Q: And in 2021 there was this incredible mobilization of young people, many of whom paid with their lives for participating in the mobilization and then elections, people who conducted independent monitoring of the electoral places were kidnapped. Some of them never showed up again. So what is the story? I would like you to have an optimistic, uplifting story for the next election, which is around the corner.
GAVIN: I am endlessly impressed with the resilience of Ugandans, right, in the face of the kind of political violence that you’re talking about. And Uganda is another one of those cases that’s particularly rich in humorous and pointed online discussion of what’s happening politically. In fact, they did something really clever around corruption, which was this sort of online exhibition project where first it was the Ugandan pothole exhibition, and people would just post photos— right?—of roads in poor repair and make a comment about where did the money go that was supposed to be allocated for this.

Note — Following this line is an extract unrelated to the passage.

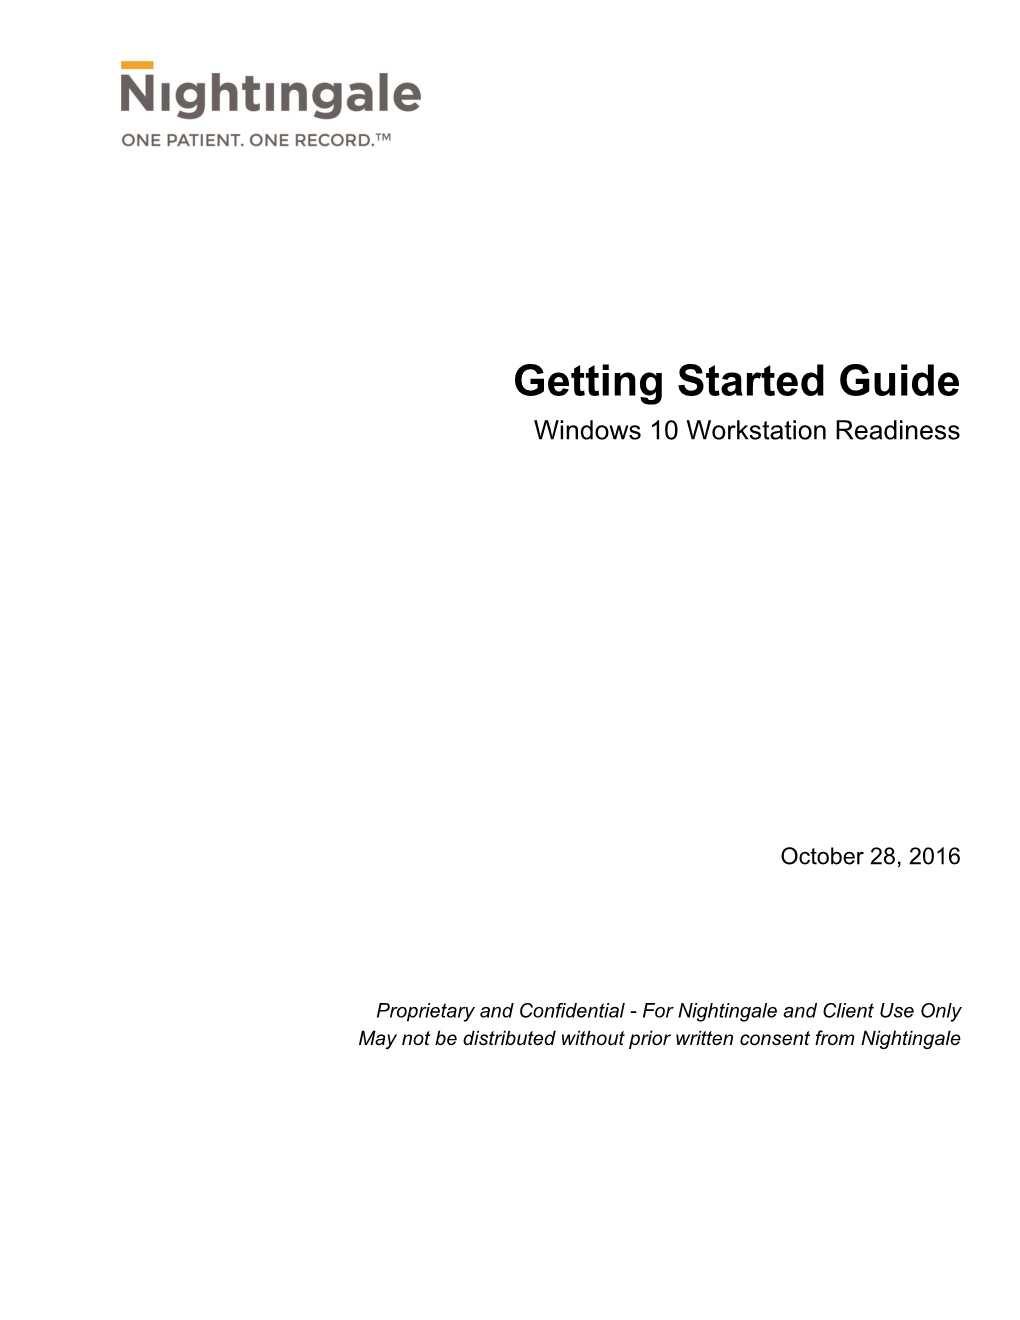 Getting Started Guide Windows 10 Workstation Readiness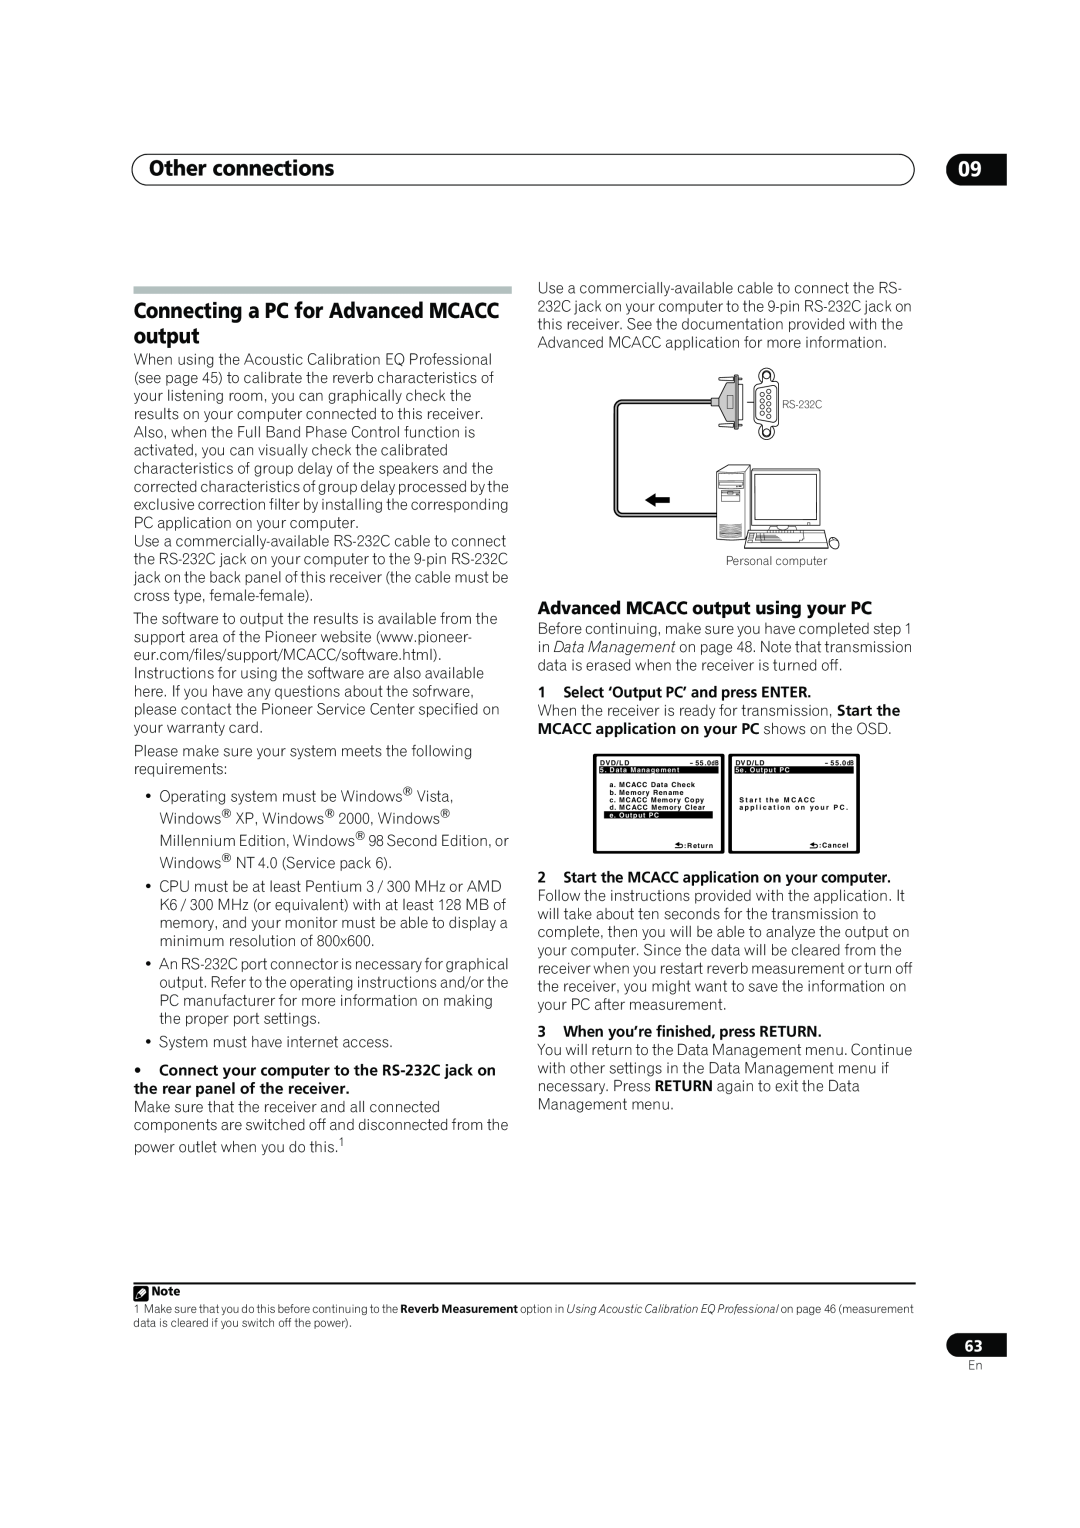 Pioneer VSX-LX60 Connecting a PC for Advanced MCACC output, Advanced MCACC output using your PC, Other connections

But then it became healthcare. Then it became policing, right? Really clever, increasingly sophisticated, and organized expressions of what they see as what’s going wrong with their government. And Uganda, I think, is also a great example of one of these political narratives past the sell by date, because you’re quite right. President Museveni in power since the mid-’80s, right? If you look at his campaign materials, they’re not so much responding to the demands of the population as they are reminding everybody just how scary it was before President Museveni and the NRM came to power. In fact, he celebrated his birthday, one of his recent birthdays, at the site of a major battle from the Civil War and sliced into this giant cake decorated with camouflage frosting. And you know those edible photos of soldiers with guns on the ground, you know the message around he’s not the head of state, right? He’s the soldier in chief who’s going to keep you safe. This just does not resonate for young people have no experience of the Amin and Obote years and are dealing with crime in the cities and unfair policing.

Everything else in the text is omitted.